薪さんが青木に語った教団のカースト制における最下層の『鬼』――鬼ごっこなら鬼は追う方ですが、逆に光くんたちに追われる側になっていたミドリちゃんは茂みの中を抜け道路っぽい場所へと辿り着いていました。でも、一体どういう構造になった道路?(^^;)木々が生い茂る道らしきところから開けた場所に出た、と思ったらいきなり行き止まり…(・・;)ガードレールが見えるんで道だとは思うんですけど違うのかな…;;;;
背後を振り返りながら走って来たミドリちゃんは行く手を阻むガードレールに突き当たり足を止めます。
「あっ」
ガードレールに掴まり下を覗き込むと、足元から小石がガラガラと音を立てて転がり落ちて行きます。どうやらこの先は崖のようです。
「だめだよ、『鬼』なのに逃げたら。逆だろミドリ」
涙を浮かべ退路が断たれたことを思い知ったばかりの彼女に、追いついた光くんが後ろの茂みから声をかけます。
「逃げようとしただろ、一人だけ。あそこから、僕たちから」
ディンダル様、許さないぞ、って追いつめるの似合い過ぎ…(;´Д`)
「逃げ出そうとしただろう、たった一人の弟を置いて」
そう言った光くんの後ろにいたのは、ミドリちゃんの病室の前で光くんにしがみついていたあの眼鏡の少年です。青木の眼鏡もですけど、今時珍しい丸眼鏡、一緒やなぁと思ったら弟だった…;;;;
「コウタ…!」
鬼にされたミドリちゃんにとっては毎日が地獄に違いなく、その立場が悲惨としか言いようがないのは事実ですが、教団の他の子供達にとっては、『鬼』とは自分達が絶望しないため、最後に残ったわずかな自尊心を守るためにどうしても必要なものだったのでしょう…。逃れられない徹底したカーストに縛られた彼らは、序列のルールによって全てが決まるというわかりやすくある意味安定した世界を子供なりに築いていたのだと思われますが、それが崩れなかったのは一番下に皆が「どんなにここがひどくても、毎日が辛くても、あいつよりはマシだ」という共通の認識を持ち得る『鬼』がいたから。

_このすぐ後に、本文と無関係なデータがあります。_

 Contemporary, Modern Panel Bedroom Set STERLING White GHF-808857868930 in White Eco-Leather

カーストの頂点だった児玉やその下の大人たちがいなくなっても維持されていた、彼らが縛られている極端に狭く偏った価値観だけに統べられた世界――それが今、『鬼』であるミドリちゃん、彼女がたったひとりいなくなるかもしれないというだけで揺らぎ、危うくなってしまっている……ミドリちゃんが逃げ出すこと、それは児玉に代わるカーストのトップに立とうとする者にとっては特に、看過しがたいものなはずですよね(・・;)

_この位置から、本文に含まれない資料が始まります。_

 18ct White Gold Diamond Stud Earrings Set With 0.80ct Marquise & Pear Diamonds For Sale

バンッ!と勢いよくドアを開け、おそらく病院の小児病棟でしょう、薪さんが青木を伴って現れます。もうとうに面会時間は過ぎているようですし、突然の訪問者に驚き「ちょっと!」と詰め所にいた年配の看護師さんが声を上げます。
「すみません!薪さん!」
片手を上げただけでとりあえずそれに応え、詰め所前をスルーする薪さんに青木が続きます。
「ちょっと…!!何なんですかあなた達、こんな時間に!出てって下さい!子供達はもう就寝してるのよ」
「薪さん!ちょっとこれはマズい…」
「誰か止めて!」
誰の制止も聞かずミドリちゃんがいるはずの大部屋へ直行した薪さんを追って行った青木ですが、手を伸ばして「ま…!」とその動きを止めようとしたところで、薪さんの肩越しに目に飛び込んできた部屋の中の光景に唖然とします。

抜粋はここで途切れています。